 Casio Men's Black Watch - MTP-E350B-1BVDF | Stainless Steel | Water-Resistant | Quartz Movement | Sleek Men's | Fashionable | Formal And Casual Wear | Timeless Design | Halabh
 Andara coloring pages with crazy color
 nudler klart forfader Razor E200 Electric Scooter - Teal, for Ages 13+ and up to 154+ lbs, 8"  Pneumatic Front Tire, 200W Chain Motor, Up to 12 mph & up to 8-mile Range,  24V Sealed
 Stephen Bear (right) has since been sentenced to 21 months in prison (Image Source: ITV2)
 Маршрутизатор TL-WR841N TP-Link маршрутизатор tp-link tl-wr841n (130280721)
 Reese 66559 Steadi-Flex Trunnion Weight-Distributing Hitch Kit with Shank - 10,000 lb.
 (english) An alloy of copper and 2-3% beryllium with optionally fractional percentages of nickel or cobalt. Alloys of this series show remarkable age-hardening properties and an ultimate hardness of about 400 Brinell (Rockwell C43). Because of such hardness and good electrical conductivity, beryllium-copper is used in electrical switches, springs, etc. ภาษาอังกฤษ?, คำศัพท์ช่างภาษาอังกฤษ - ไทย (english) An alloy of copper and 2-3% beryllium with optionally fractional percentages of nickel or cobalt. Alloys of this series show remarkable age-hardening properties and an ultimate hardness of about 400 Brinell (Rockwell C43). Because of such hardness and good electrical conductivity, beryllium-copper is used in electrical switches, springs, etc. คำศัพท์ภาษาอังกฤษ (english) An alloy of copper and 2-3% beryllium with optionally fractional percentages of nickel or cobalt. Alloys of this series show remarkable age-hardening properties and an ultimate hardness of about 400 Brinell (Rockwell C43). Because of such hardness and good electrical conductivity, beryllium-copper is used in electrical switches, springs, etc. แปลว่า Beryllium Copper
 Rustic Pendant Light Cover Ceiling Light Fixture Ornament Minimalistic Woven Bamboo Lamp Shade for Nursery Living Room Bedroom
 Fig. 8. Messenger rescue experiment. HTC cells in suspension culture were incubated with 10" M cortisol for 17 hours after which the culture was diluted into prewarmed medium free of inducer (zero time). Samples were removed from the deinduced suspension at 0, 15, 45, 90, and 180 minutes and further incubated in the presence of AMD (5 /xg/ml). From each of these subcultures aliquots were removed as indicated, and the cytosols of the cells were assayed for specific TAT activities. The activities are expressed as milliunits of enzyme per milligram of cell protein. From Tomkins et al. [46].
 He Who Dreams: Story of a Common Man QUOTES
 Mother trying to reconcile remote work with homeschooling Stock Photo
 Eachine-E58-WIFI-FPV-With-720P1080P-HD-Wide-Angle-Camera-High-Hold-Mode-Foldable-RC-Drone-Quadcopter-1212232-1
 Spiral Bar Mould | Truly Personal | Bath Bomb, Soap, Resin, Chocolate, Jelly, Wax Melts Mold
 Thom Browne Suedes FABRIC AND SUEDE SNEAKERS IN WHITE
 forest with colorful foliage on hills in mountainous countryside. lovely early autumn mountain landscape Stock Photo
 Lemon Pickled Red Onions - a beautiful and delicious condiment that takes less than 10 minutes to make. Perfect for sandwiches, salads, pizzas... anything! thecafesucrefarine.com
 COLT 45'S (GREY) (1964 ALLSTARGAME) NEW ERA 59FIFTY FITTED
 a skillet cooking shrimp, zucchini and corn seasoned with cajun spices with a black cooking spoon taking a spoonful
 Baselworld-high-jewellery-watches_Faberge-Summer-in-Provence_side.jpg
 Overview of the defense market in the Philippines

# YOUR OBJECTIVE
What is needed is an exact copy of every record above.

# OUTPUT BELOW
 Casio Men's Black Watch - MTP-E350B-1BVDF | Stainless Steel | Water-Resistant | Quartz Movement | Sleek Men's | Fashionable | Formal And Casual Wear | Timeless Design | Halabh
 Andara coloring pages with crazy color
 nudler klart forfader Razor E200 Electric Scooter - Teal, for Ages 13+ and up to 154+ lbs, 8"  Pneumatic Front Tire, 200W Chain Motor, Up to 12 mph & up to 8-mile Range,  24V Sealed
 Stephen Bear (right) has since been sentenced to 21 months in prison (Image Source: ITV2)
 Маршрутизатор TL-WR841N TP-Link маршрутизатор tp-link tl-wr841n (130280721)
 Reese 66559 Steadi-Flex Trunnion Weight-Distributing Hitch Kit with Shank - 10,000 lb.
 (english) An alloy of copper and 2-3% beryllium with optionally fractional percentages of nickel or cobalt. Alloys of this series show remarkable age-hardening properties and an ultimate hardness of about 400 Brinell (Rockwell C43). Because of such hardness and good electrical conductivity, beryllium-copper is used in electrical switches, springs, etc. ภาษาอังกฤษ?, คำศัพท์ช่างภาษาอังกฤษ - ไทย (english) An alloy of copper and 2-3% beryllium with optionally fractional percentages of nickel or cobalt. Alloys of this series show remarkable age-hardening properties and an ultimate hardness of about 400 Brinell (Rockwell C43). Because of such hardness and good electrical conductivity, beryllium-copper is used in electrical switches, springs, etc. คำศัพท์ภาษาอังกฤษ (english) An alloy of copper and 2-3% beryllium with optionally fractional percentages of nickel or cobalt. Alloys of this series show remarkable age-hardening properties and an ultimate hardness of about 400 Brinell (Rockwell C43). Because of such hardness and good electrical conductivity, beryllium-copper is used in electrical switches, springs, etc. แปลว่า Beryllium Copper
 Rustic Pendant Light Cover Ceiling Light Fixture Ornament Minimalistic Woven Bamboo Lamp Shade for Nursery Living Room Bedroom
 Fig. 8. Messenger rescue experiment. HTC cells in suspension culture were incubated with 10" M cortisol for 17 hours after which the culture was diluted into prewarmed medium free of inducer (zero time). Samples were removed from the deinduced suspension at 0, 15, 45, 90, and 180 minutes and further incubated in the presence of AMD (5 /xg/ml). From each of these subcultures aliquots were removed as indicated, and the cytosols of the cells were assayed for specific TAT activities. The activities are expressed as milliunits of enzyme per milligram of cell protein. From Tomkins et al. [46].
 He Who Dreams: Story of a Common Man QUOTES
 Mother trying to reconcile remote work with homeschooling Stock Photo
 Eachine-E58-WIFI-FPV-With-720P1080P-HD-Wide-Angle-Camera-High-Hold-Mode-Foldable-RC-Drone-Quadcopter-1212232-1
 Spiral Bar Mould | Truly Personal | Bath Bomb, Soap, Resin, Chocolate, Jelly, Wax Melts Mold
 Thom Browne Suedes FABRIC AND SUEDE SNEAKERS IN WHITE
 forest with colorful foliage on hills in mountainous countryside. lovely early autumn mountain landscape Stock Photo
 Lemon Pickled Red Onions - a beautiful and delicious condiment that takes less than 10 minutes to make. Perfect for sandwiches, salads, pizzas... anything! thecafesucrefarine.com
 COLT 45'S (GREY) (1964 ALLSTARGAME) NEW ERA 59FIFTY FITTED
 a skillet cooking shrimp, zucchini and corn seasoned with cajun spices with a black cooking spoon taking a spoonful
 Baselworld-high-jewellery-watches_Faberge-Summer-in-Provence_side.jpg
 Overview of the defense market in the Philippines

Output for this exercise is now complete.